We’ll use that to filter them out in our dataset :
train_tokens <- tokens_select(train_tokens, stopwords(), selection = "remove")
Let’s take the first element and see how it has changed now :
train_tokens[[1]]
## [1] "looked" "back" "eyes" "dark" "coal"
We’ll get a bit politically correct here, and prevent our model from both taking profanities into account and suggesting them as predictions. Since we use a tweeter database we’re bound to encounter some otherwise.
There’s a public list of profanities available here for webmasters or moderators to use, and this is what we’ll use here to filter them out.
# Getting the list
profanities <- read.csv(
"https://www.frontgatemedia.com/new/wp-content/uploads/2014/03/Terms-to-Block.csv",
header = F, sep = ",", skip = 4)
profanities[, 2] <- gsub(pattern = ",", replacement = "", profanities[, 2])
profanities <- profanities[, 2]
# Filtering
train_tokens <- tokens_select(train_tokens, profanities, selection = "remove")
We can now create our frequency matrix - or document feature matrix (DFM). Since our dataset has had quite some steps of pre-processing, we do not need a lot of parameters when creating it.
unigram <- dfm(train_tokens, tolower = F)

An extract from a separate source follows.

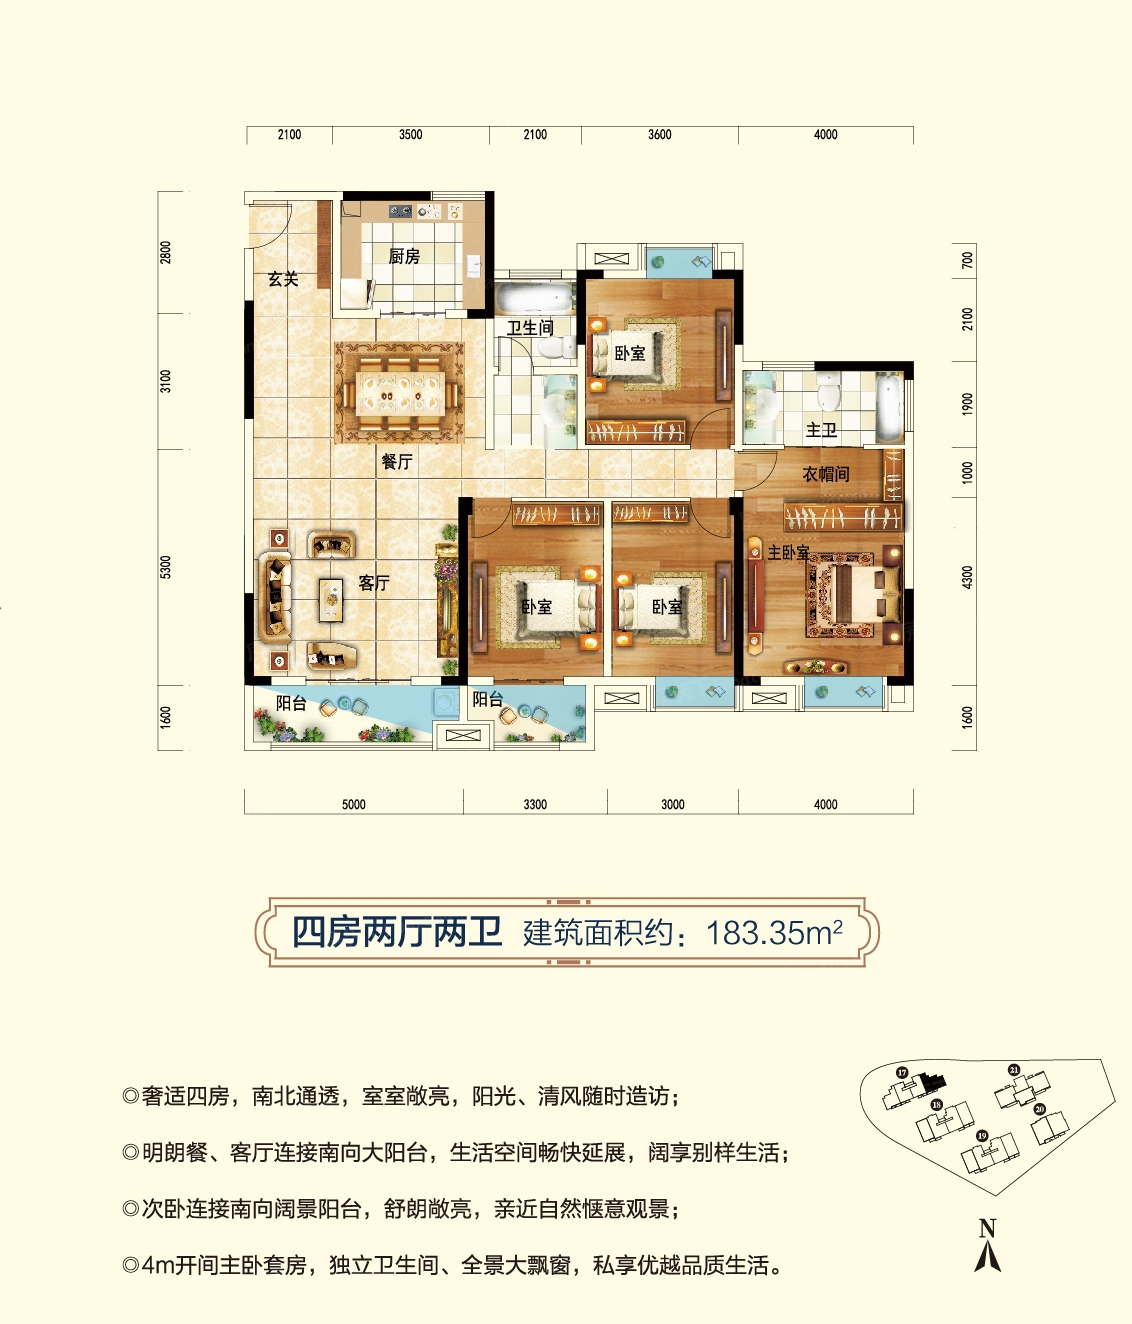 福星城户型类别:3居,4居户型面积:10200平方米

We can now see the most frequent words in our dataset :
unifreq <- textstat_frequency(unigram)
head(unifreq)
## feature frequency rank docfreq group
## 1 just 205040 1 189851 all
## 2 like 181522 2 162765 all
## 3 one 173704 3 151129 all
## 4 can 153875 4 136436 all
## 5 get 149493 5 137612 all
## 6 time 137697 6 123557 all
top50 <- filter(unifreq, rank <= 50)
qplot(reorder(feature, rank), frequency, data = top50) +
labs(x = "Word", y = "Frequency") + ggtitle("Most frequent words (top 50)") +
theme(axis.text.x = element_text(angle = 90, vjust = 0.5, hjust=1),
plot.title = element_text(hjust = 0.5))
Now that we saw the top 50 words, let’s see a more detailed breakdown of the frequencies in our dataset :
quantile(unifreq$frequency)
## 0% 25% 50% 75% 100%
## 1 1 1 4 205040
75% of the words in our dataset appear 6 times or less.
We’ll create a dataset that shows the count of each words in our training corpus, and we set a benchmark of at least 4 total counts. The words below that will be removed, and this will greatly reduce our training set’s size :
unifreq <- data.table(word = unifreq$feature, count = unifreq$frequency)
unifreq <- unifreq[count > 4, ]
Now we have a processed and filtered list of all the words used in our dataset, along with their DFM. However, with that, our predictor will only produce words according to their probability of appearing. What we want is for it to take into account the previous words as well.
What we ultimately want is, basically, to take a 2-word input, which is called a bigram, and check what word to add to create the most likely 3-word (trigram) in our list. The word used to create this trigram will be our predictor.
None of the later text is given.